Establecer la efectividad de los agentes para el tratamiento de la diabetes en pacientes con fibrosis quística en cuanto a los niveles de glucemia, la función pulmonar y el control del peso.

Estrategia de búsqueda (: 

Se realizaron búsquedas en el Registro Especializado de Ensayos Controlados del Grupo Cochrane de Fibrosis Quística y Trastornos Genéticos (Cochrane Cystic Fibrosis and Genetic Disorders Group's Trials Register) que incluye referencias identificadas de búsquedas exhaustivas en bases de datos electrónicas o búsquedas manuales en revistas pertinentes y libros de actas de congresos. También se realizaron búsquedas manuales de los resúmenes de simposios pulmonares y las North American Cystic Fibrosis Conferences.

Date of the most recent search of the Group's Cystic Fibrosis Trials Register: 18 de febrero 2016.

Criterios de selección: 

Ensayos controlados aleatorizados que compararon todos los métodos de tratamiento de la diabetes en pacientes con diagnóstico de diabetes relacionada con la fibrosis quística.

Obtención y análisis de los datos: 

Dos autores de la revisión de forma independiente extrajeron los datos y evaluaron el riesgo de sesgo de los estudios incluidos.

Resultados principales: 

Las búsquedas identificaron 22 ensayos (34 referencias). Se incluyen cuatro ensayos (200 participantes): un ensayo unicéntrico a corto plazo (n = 7) que comparó la insulina con la repaglinida oral y ninguna medicación en pacientes con diabetes relacionada con la fibrosis quística y glucosa normal en ayunas; un ensayo multicéntrico a largo plazo (n = 100; 74 de los cuales tenían diabetes relacionada con la fibrosis quística) que comparó la insulina con la repaglinida oral y placebo; un ensayo multicéntrico a largo plazo (n = 73) que comparó la insulina con la repaglinida oral; y un ensayo unicéntrico de 12 semanas (n = 20) a corto plazo que comparó la insulina glargina de acción prolongada con la insulina protamina neutra Hagedorn.

Dos ensayos con datos para la comparación insulina con placebo no informaron diferencias significativas entre los grupos para los resultados primarios de los niveles de glucosa en la sangre, la función pulmonar y el estado nutricional. Lo anterior también fue cierto para el único ensayo con datos para la comparación de repaglinida con placebo. Dos ensayos (uno de un año de duración y otro de dos años) proporcionaron datos para la comparación insulina con repaglinida. No hubo diferencias significativas en los resultados primarios en ningún momento, excepto al año (en el ensayo de dos años), cuando el grupo de insulina tuvo una mejora significativa en la puntuación z del índice de masa corporal, en comparación con el grupo de repaglinida. El único ensayo que comparó la insulina glargina con la protamina neutra Hagedorn tampoco informó de diferencias significativas en los resultados primarios del examen. Se observaron pocos casos de hipoglucemia en tres de los cuatro ensayos (ninguno en el ensayo más largo), pero se resolvieron sin tratamiento adicional.

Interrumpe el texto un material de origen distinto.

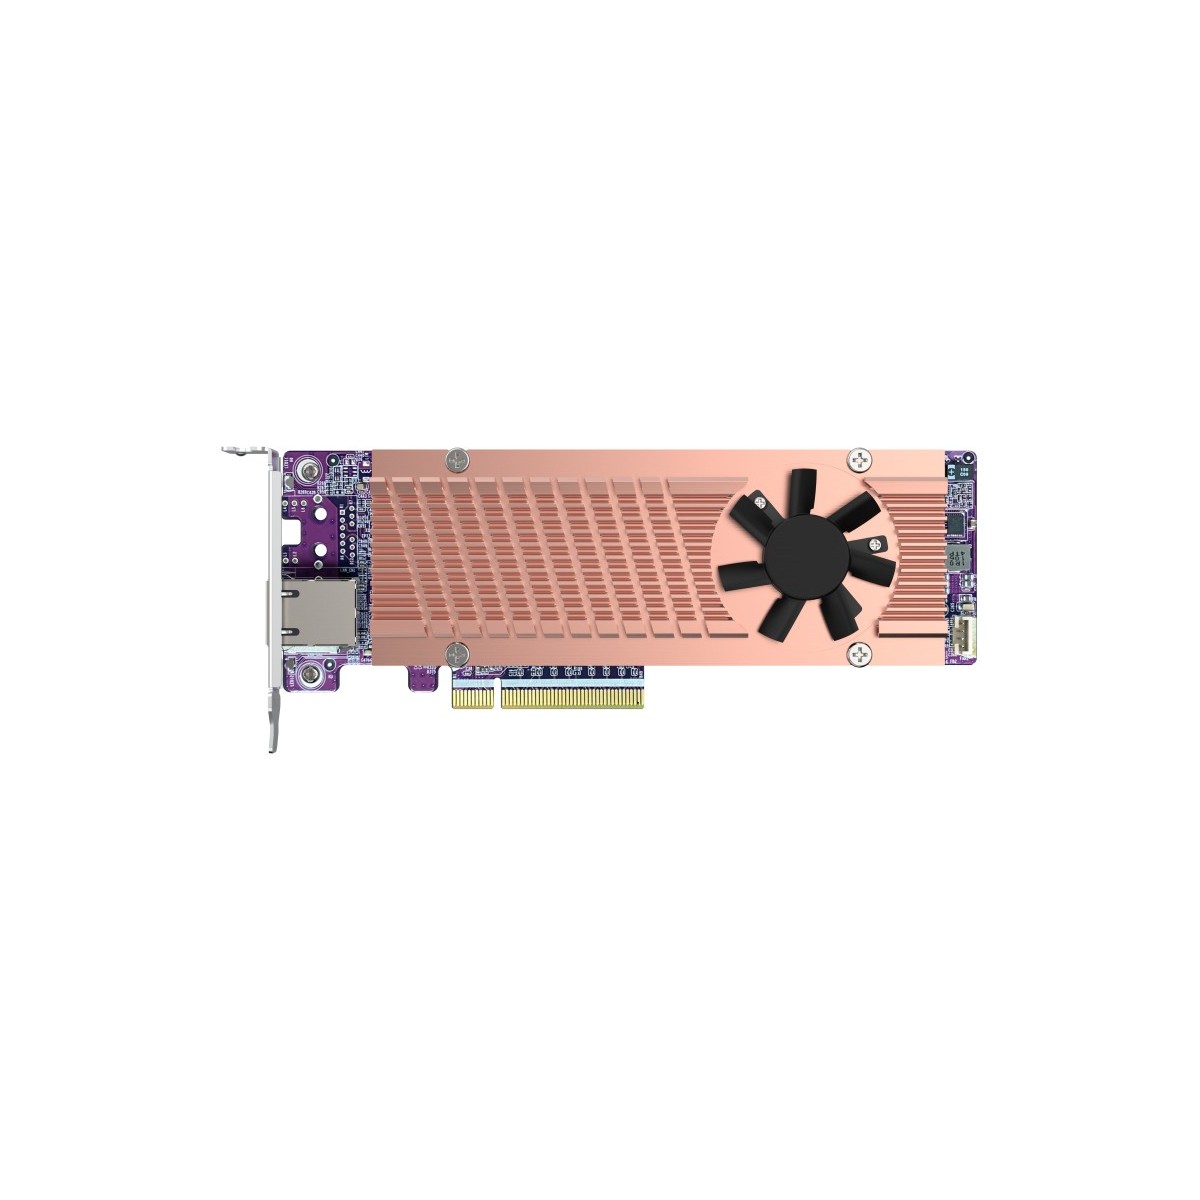 QNAP Card QM2 series 2xPCIe 2280 M.2 SSD slots PCIe Gen4x8 1xAQC113C 10GbE NBASE-T

En dos de los cuatro ensayos incluidos hubo riesgo incierto de sesgo debido a la asignación al azar y la ocultación de la asignación, ya que los autores no informaron detalles; en los dos estudios restantes los detalles de la asignación al azar dieron lugar a un bajo riesgo de sesgo, pero solo en uno hubo suficientes detalles sobre la ocultación de la asignación para permitir una valoración de bajo riesgo, y en el segundo fue incierto. Hubo alto riesgo de cegamiento en todos los ensayos (excepto en la comparación de repaglinida oral versus placebo) debido a la naturaleza de las intervenciones. No hubo datos completos disponibles de todos los resultados en los ensayos, lo que dio lugar a un alto riesgo de sesgo de informe. Sin embargo, las cantidades administradas de insulina y repaglinida no fueron comparables, lo cual puede dar lugar a sesgo en los resultados. Ninguno de los ensayos incluidos tuvo el poder estadístico para mostrar una mejora significativa en la función pulmonar.

Notas de traducción: 

La traducción y edición de las revisiones Cochrane han sido realizadas bajo la responsabilidad del Centro Cochrane Iberoamericano, gracias a la suscripción efectuada por el Ministerio de Sanidad, Servicios Sociales e Igualdad del Gobierno español. Si detecta algún problema con la traducción, por favor, contacte con Infoglobal Suport, cochrane@infoglobal-suport.com.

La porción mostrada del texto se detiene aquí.